Hey hey, ich hoffe das ich hier richtig bin bzw. mir geholfen werden kann!?
Falls ich hier im Falschen (Unter) Forum bin bitte ich um verschiebung meines Comments (Ich habe kein besseres [Unter] Forum gefunden)!

Also ich habe mir gestern Hitman 3 (Standard edition, das Deluxe DLC ist ja noch dabei) geladen (über Steam)! Nun habe ich gehört/gelesen das man seinen Spieldaten von Hitman 2, zu HItman 3 mitnehmen kann! Was besser wäre wenn man schon Hitman (1) und Hitman 2 über Steam hat.
Muss ich was beachten oder anklicken bevor ich mich bei IOI anmelde?
1.) Beim anmelde Bildschirm also der Sign-Up Bildschirm bei IOI habe ich unter der Mail und PW eingabe zwei Felder zum ankreuze das erste ist glaube ich Datenschutz(?) und muss ich wegen dem Stern am ende eh ankreuzen. Beim zweiten Punkt:"I want to receive emails from IO Interactive." wollen die meine berechtigung das die mir Mails schicken können/dürfen? Da würde ich das kreuz rauslassen(?), weil ich kein Spam von denen will!
2.) So wenn ich das gemacht habe melde ich mich erst bei Hitman 2 und dann bei Hitman 3 an oder anderes rum?

Grüße und schönes Wochenende

PS.: sagt mal kann man das gleiche Schema auch bei mit HItman (1) machen, also von Hitman 1 und Hitman 2 zu Hitman 3? Wobei das in meinen fall eh egal wäre, weil ich nämlich schon alle Archievements von HItman 1 in Hitman 2 habe!


----------



## LOX-TT (5. Februar 2022)

Chronik schrieb:


> PS.: sagt mal kann man das gleiche Schema auch bei mit HItman (1) machen, also von Hitman 1 und Hitman 2 zu Hitman 3? Wobei das in meinen fall eh egal wäre, weil ich nämlich schon alle Archievements von HItman 1 in Hitman 2 habe!

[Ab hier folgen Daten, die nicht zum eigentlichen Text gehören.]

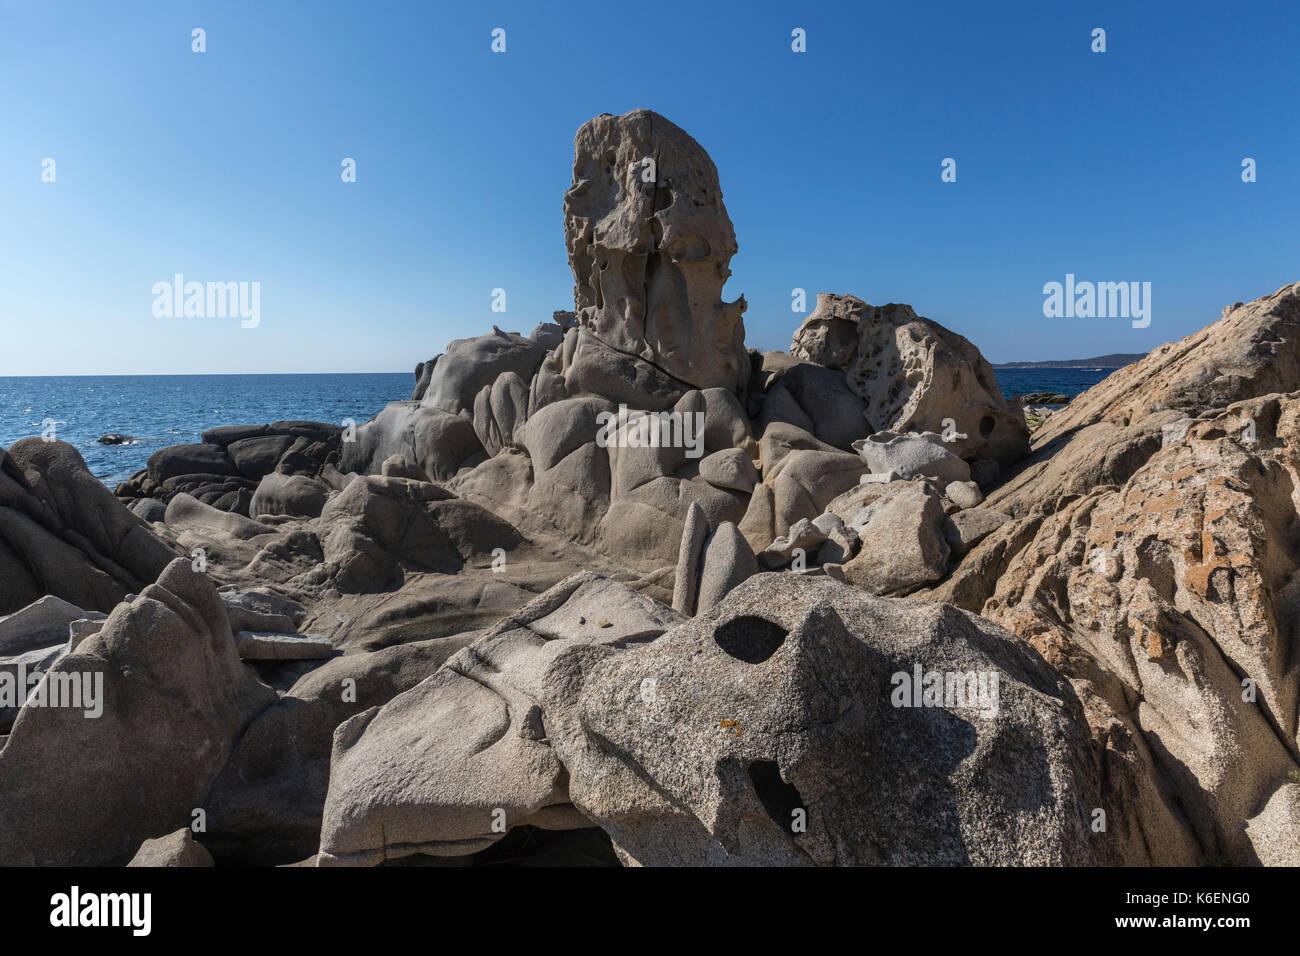 Il sole splende sulle rocce erose dal vento che incorniciano la mare blu punta molentis Villasimius Cagliari Sardegna Italia Europa Immagini Stock
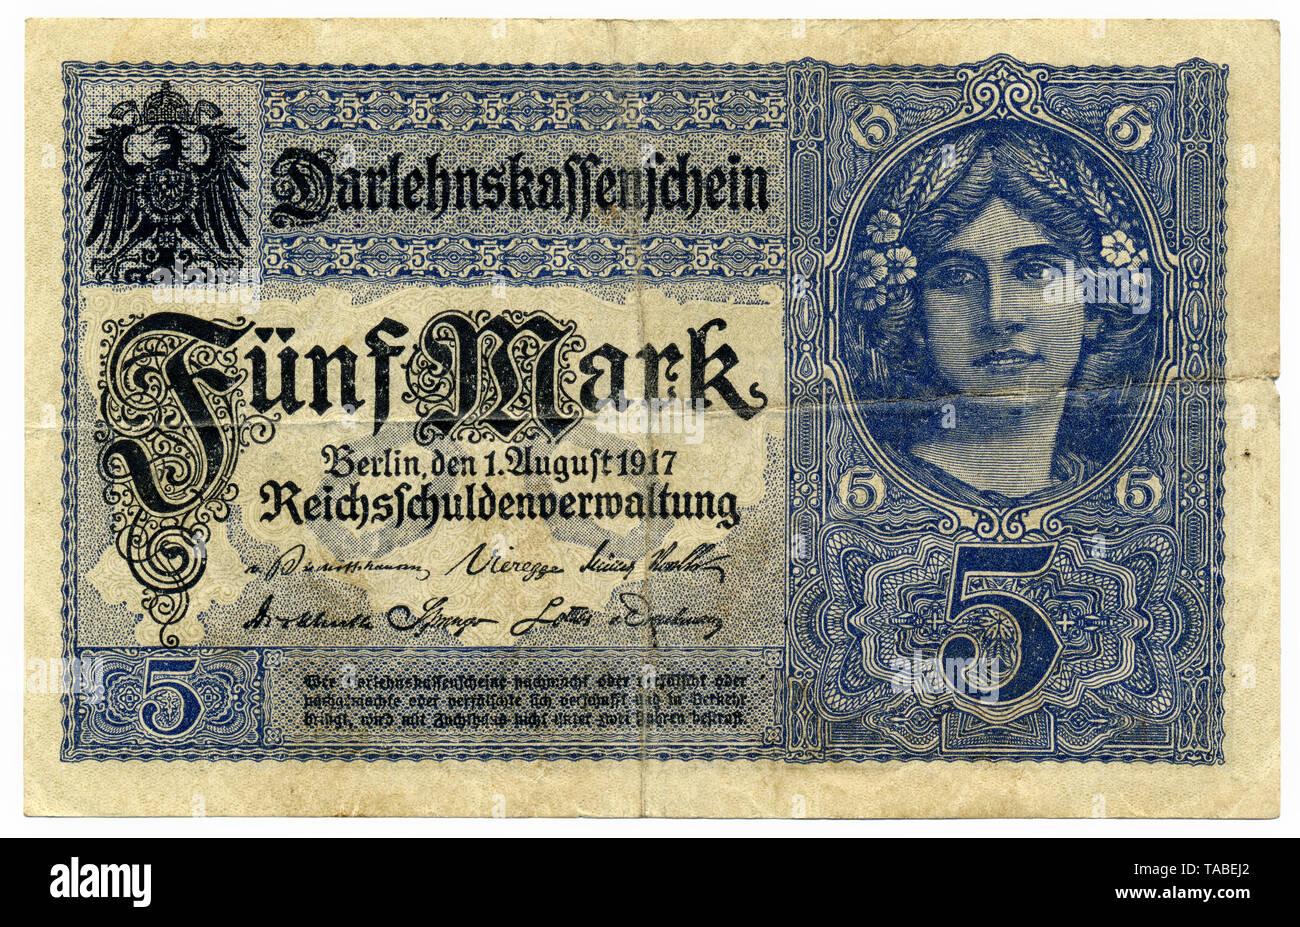 Darlehnskassenschein, historische Banknote, 5 Mark, 1917, Berlin, Deutschland Stockbild

ja kann man, weiß aber nicht wie es am PC funktioniert, aber PS4/5 geht es, hab ich selbst gemacht damals zum Release


----------



## Chronik (7. Februar 2022)

So mit ein wenig Zeitverzögerung hat es doch geklappt. Weil ich Honk das nicht über Steam gemacht habe, sondern bloß über den IOI Acc.! 
Was aber nicht übernommen würde sind die ersten Achievements, die man im Training vom HItman (1) bekommt!
Naja gut habe ich wieder ein bischen was zu tun!!!

Gruß


----------